洋ゲー
洋ゲー(ようゲー)は、日本国内で流通する欧米のメーカーが開発元となっているコンピュータゲームの分野を指す通称。略さない形では洋物ゲームともいう。転じて国産ゲームのことは和ゲーという。
概要
[編集]日本国内で「洋ゲー」と言う場合、主にはヨーロッパや北米のゲーム会社が作成したゲームの通称であり、近年のMMORPGに多く見られるアジア諸国で制作されたゲームなどはこの範疇に含まないことが多い。
プラットフォームによる受容の違い
[編集]コンピュータゲーム用プラットフォーム(利用機器)には、家庭用ゲーム機とパーソナルコンピュータという2つの潮流が存在する。それらは異なる顧客層を持ち、一般に高年齢中心のパソコンゲームのほうが洋ゲー普及において先行した。
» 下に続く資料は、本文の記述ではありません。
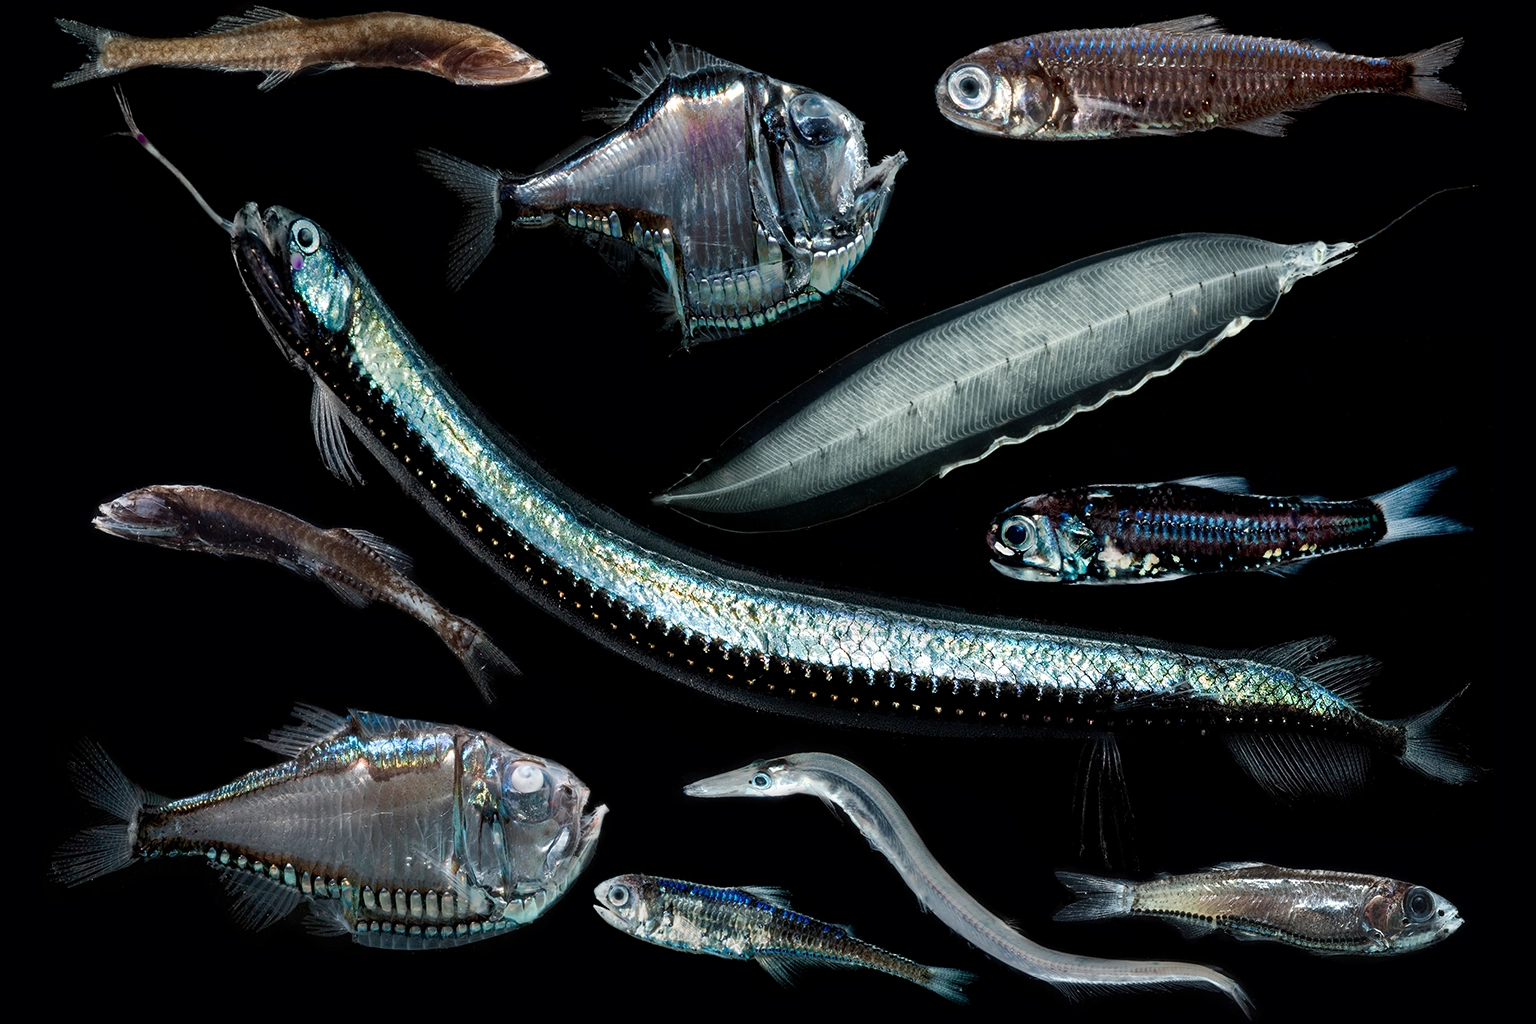 A variety of mesopelagic fish. By breathing and defecating across the ocean depths, mesopelagic fish play a crucial role shuttling carbon into the deep sea, in a process called the biological pump. Image courtesy of Dante Fenolio.

他方の家庭用ゲーム機では、リージョンコードに加え、国内向けゲーム機版にメッセージを翻訳するなど作業(ローカライズ)が求められたため、洋ゲー市場としてはやや後発の部類になっている。
パソコン
[編集]パソコンゲームの場合、1990年代前半までPC-9800などの国産独自規格PCが多かったため、日本国内パソコンに対しての移植版という形で中小様々なゲームメーカーから出ていた。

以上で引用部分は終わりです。